Dallas

Mystery Paralysis Strikes McKinney Boy

Kingston Robinson gives it his all, whether it's playing a little one-on-one or it's fighting a disease that left him paralyzed.

His fight started a year-and-a-half ago when Kingston, now 4 years old, had recovered from bronchiolitis and strep throat.

One week after his recovery, Kingston could not move his arm, and doctors immediately thought he had a muscle injury.

"I just knew that something wasn't right. I went to work and I didn't feel comfortable about the whole thing. How could a muscle tear happen so quickly?" said Courtney Robinson, Kingston's mother.

She took him to the pediatrician's office the next day, where he displayed more red flags, such as being unable to retain information repeated to him and having an unsteady gait.

Kingston then collapsed in the exam room in front of his mother and the doctor, who advised the family get to the hospital immediately.

Tests inside the emergency room didn't offer a diagnosis to the the family.

"For them not to know was, I think, more scary than knowing," Marcus Robinson said after seeing his son no longer able to walk. "All the things you thought for your kid, in a matter for seconds, was like, 'What in the world?' He won't be able to run with his buddies. His quality of life has changed, and that was the hard part."

Even in this desperate moment, luck was on their side.

The family was sent to Children's Health in Dallas, which is where Dr. Benjamin Greenberg researches rare forms of paralysis.

He diagnosed Kingston with transverse myelitis.

"The wires that connect the brain to the spinal cord are damaged, so the signals going to arm and legs don't get to the muscles, so the person is paralyzed," said Greenberg.

Transverse myelitis is a rare disorder that only affects about 200 to 300 children each year, according to Greenberg.
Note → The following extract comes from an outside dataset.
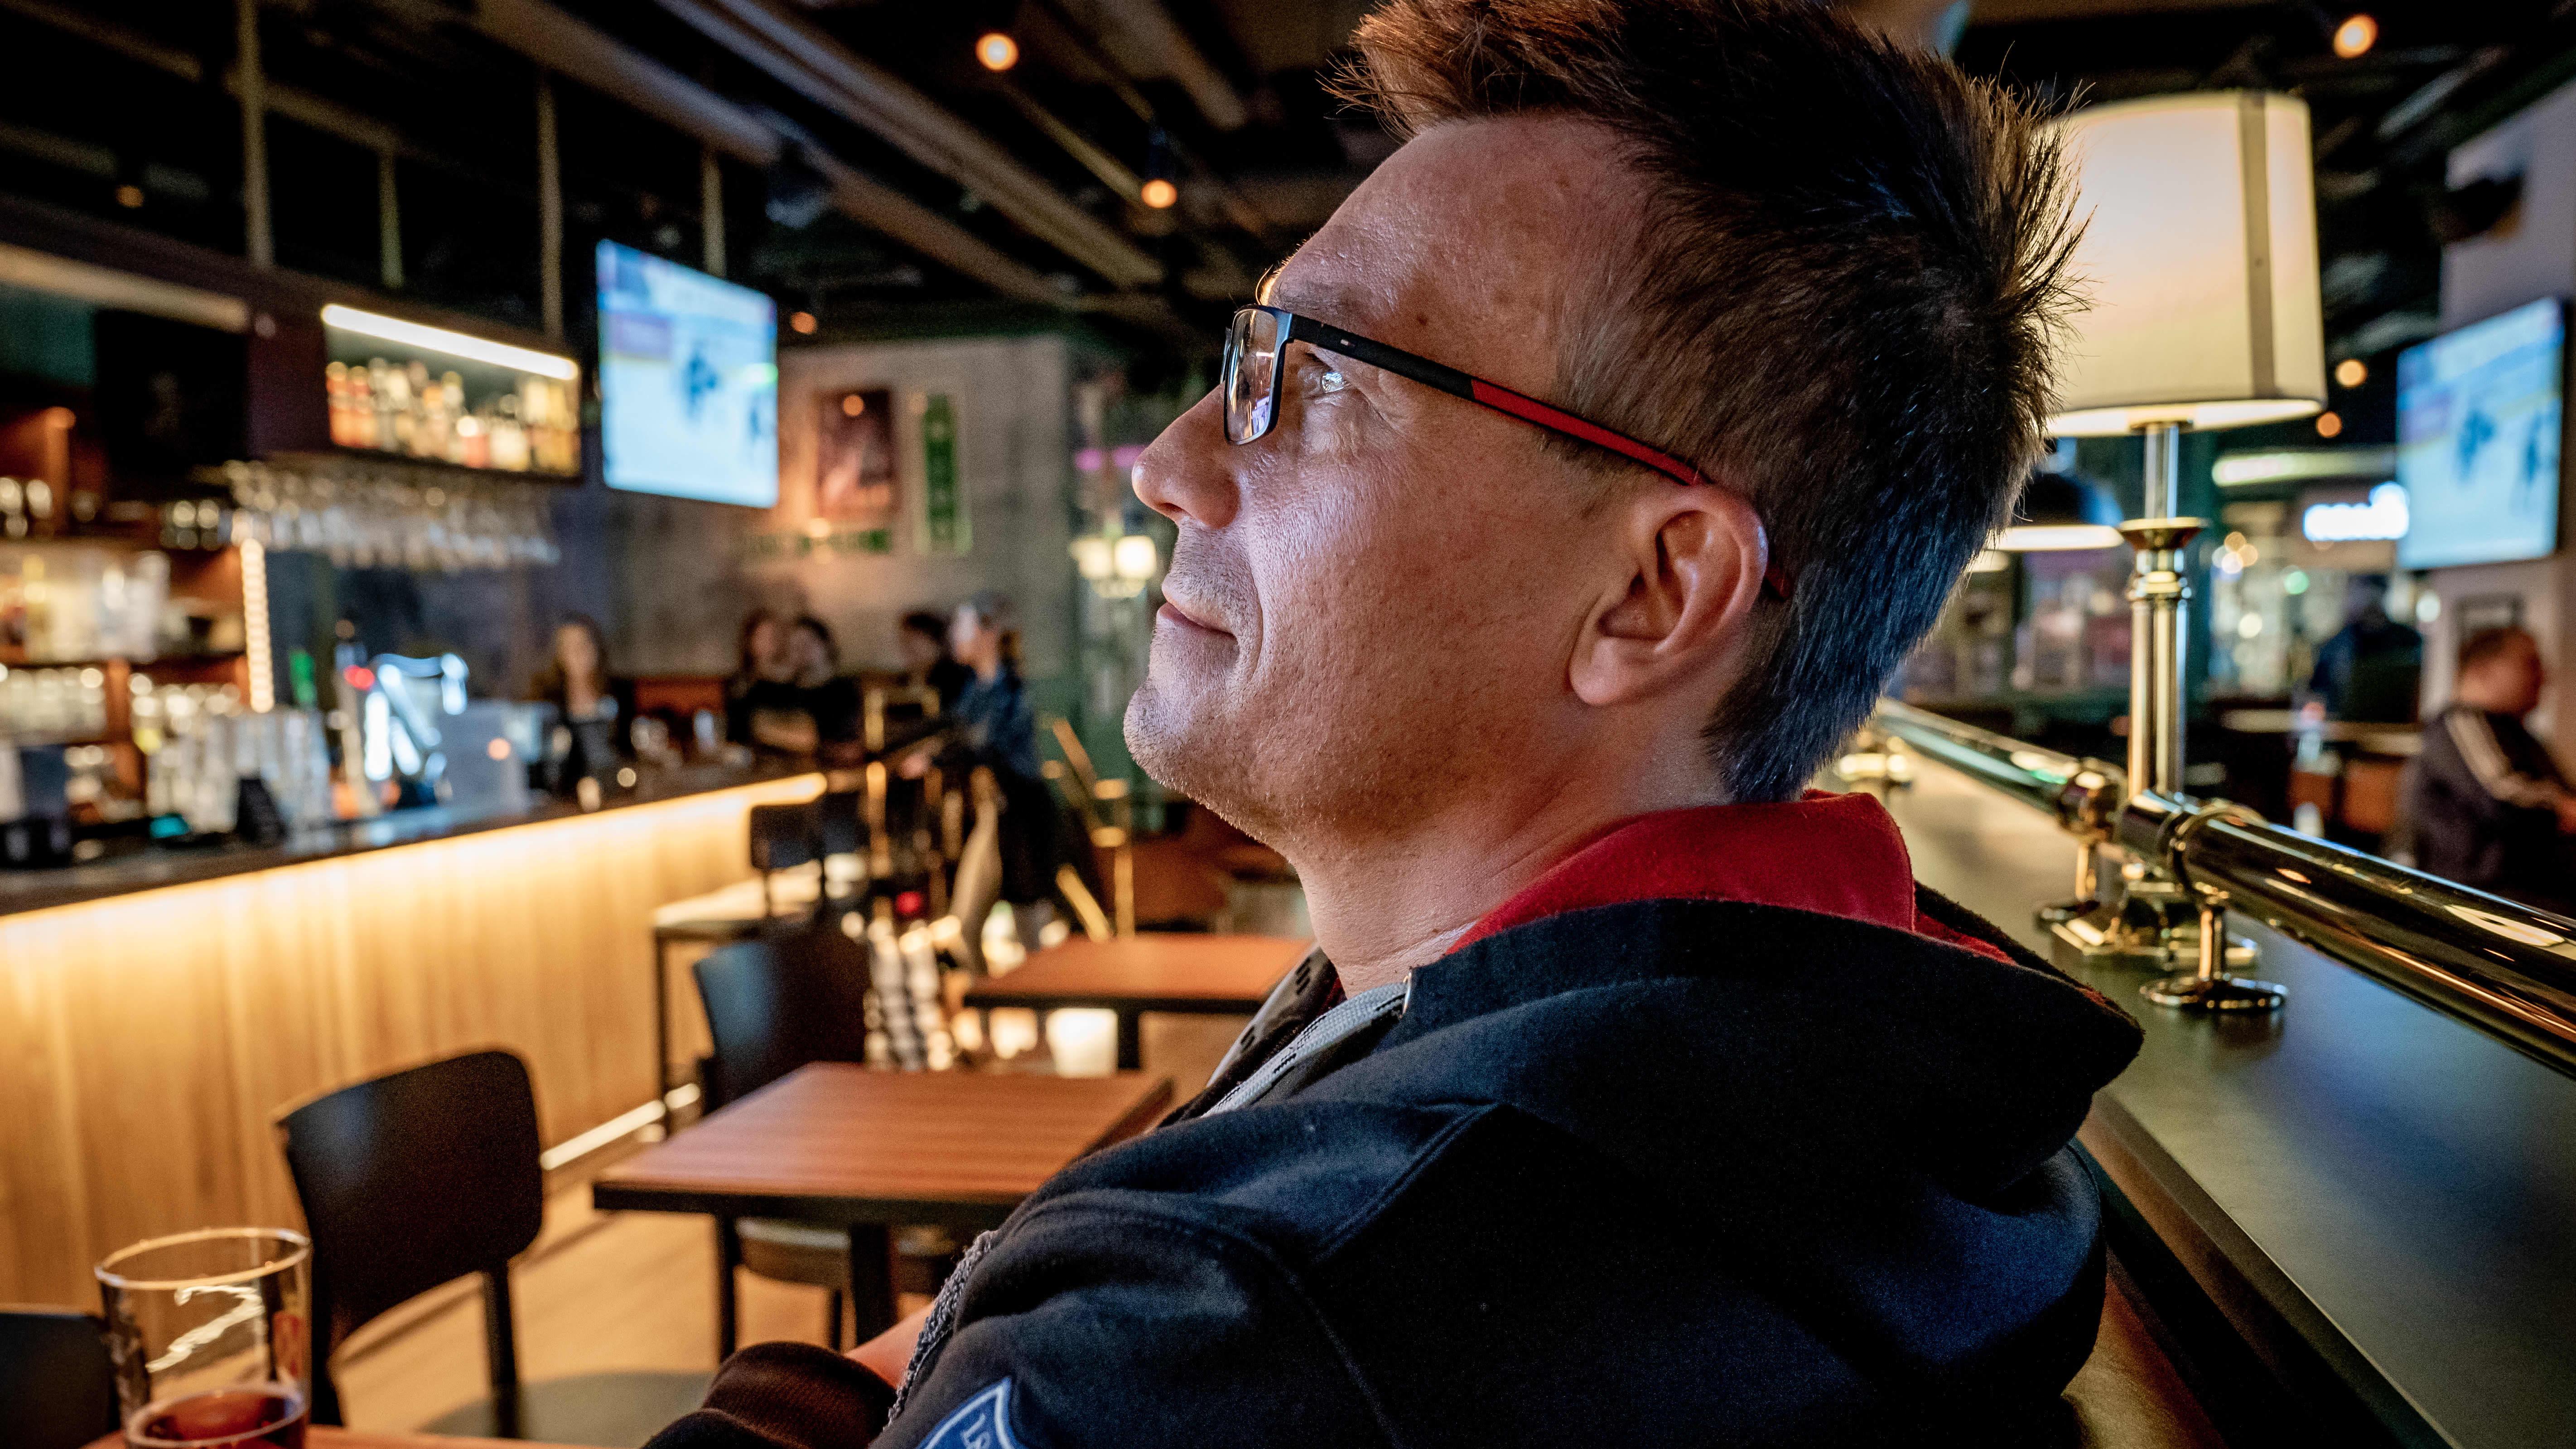 Ronny Höglund viettää iltaa ravintola O´Learysissa Helsingissä

Little is known about how children develop the disorder, but in 2014, the year Kingston was sick, the Centers for Disease Control and Prevention reported a link between transverse myelitis and Enterovirus D-68, which in many children, appears as a common cold, similar to what Kingston dealt with days before the mystery paralysis.

"One of the things that's unique about this [Kingston's] variant of transverse myelitis is not only will kids be weak, but they're very floppy. A limb or two or four will be like wet spaghetti," said Greenberg.

His center is one of only two in the world dedicated to the disorder, however Kingston's chances for a full recovery were less than 30 percent.

The doctors' first approach to treatment failed, however their second approach to treatment resulted in improvement.

"He ended up taking like four or five steps. I just can't even describe that feeling. I knew that when he wasn't walking, that this was going to happen again, but I didn't know when and I didn't know how fast," said Courtney Robinson.

Doctors think Kingston's transverse myelitis wasn't as severe as the cases that leave children unable to recover.

After 20 days of therapy, Kingston was finally allowed to go home.

"We call him our miracle child," said Courtney Robinson. "He's jumping. He's doing flips. He's doing headstands."

Marcus Robinson said his son has learned an important lesson at an early age: give it your all, no matter the odds.

"I don't care how hard something is, hard work pays off. And he knows what hard work is," Marcus Robinson said.